Let's really simplify our thinking down to a synchronous machine with a one turn armature and a permanent magnet rotor.
We'll allow the complication that the rotor is machined to produce sine shaped flux, though.
Recall that voltage and flux have a derivative/integral relationship meaning our sine shaped flux gives a cosine shaped voltage
because e = - n*dΦ/dt
and cosine is 90 degrees out of phase with sine. That's a quarter cycle.
so--- peak voltage appears at the flux zero crossing
and zero voltage appears at the flux peak
because of that sine-cosine relation.
Do we all accept that unity pf current is in phase with terminal voltage ?
and zero pf current is 90 degrees ahead or behind it ?
............
We'll make our simple one turn machine with only one pole pair so electrical and mechanical degrees are the same, 90 deg = ¼ turn.
Okay,
please -
pardon my crude sketch i just don't do well with computers.
The circles are my one-turn armature windings.
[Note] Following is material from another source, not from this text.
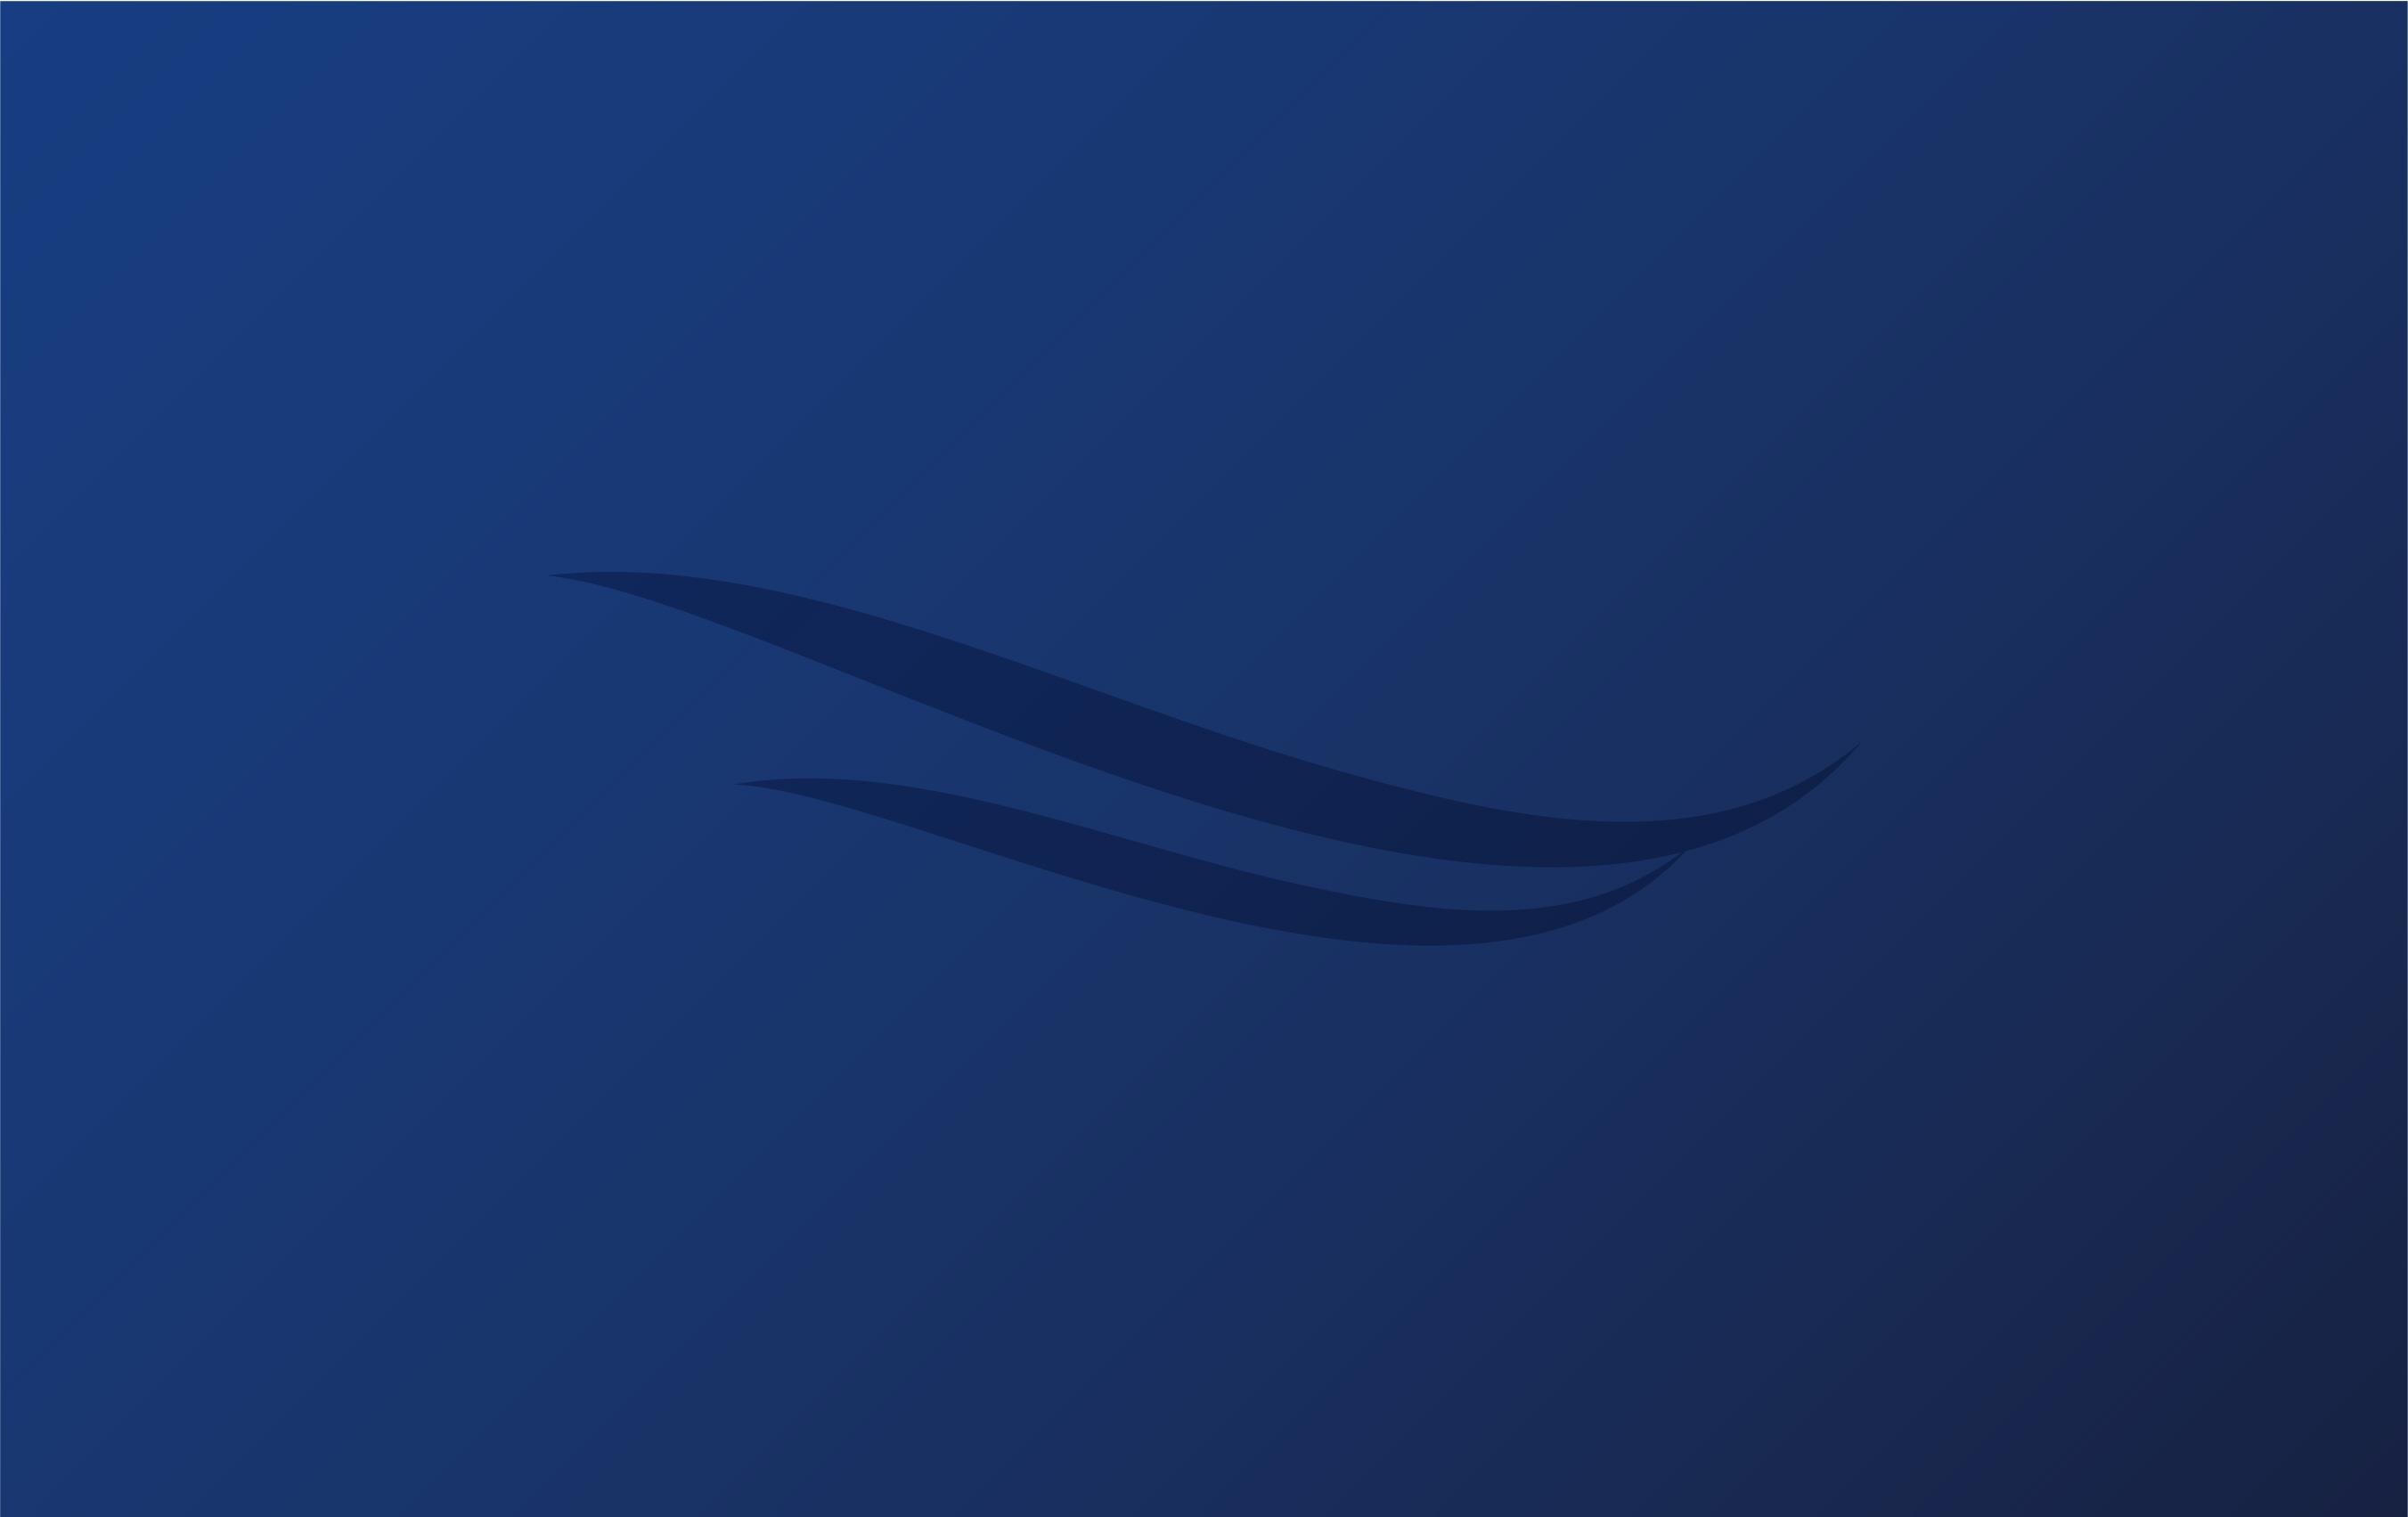 Decreto Crescita: Scheda sintetica ALIS sui principali contenuti di interesse

I've freeze-framed my thinking as mentioned earlier, so these would be like high speed photographs.
Left sketch:
Flux from armature zero pf(real) current is perpendicular to flux from field
so there is little interaction beyond a phase shift, and that's why there is a power angle.
At this instant, zero pf current is zero so it does nothing.
Right sketch:
A quarter turn later (or earlier) when unity pf (real?) current is zero
and reactive(zero pf) current is maximum,
look where the rotor is !
That's why zero pf current in the armature adds or subtracts directly to field flux. It peaks when rotor pole is right underneath the armature turns.
You should stick with the notation in your textbook
but i find this mental image useful to understand why there's such a thing as synchronous reactance. It's not same as leakage reactance.
It does affect terminal voltage by reducing flux in the machine(,or raising it )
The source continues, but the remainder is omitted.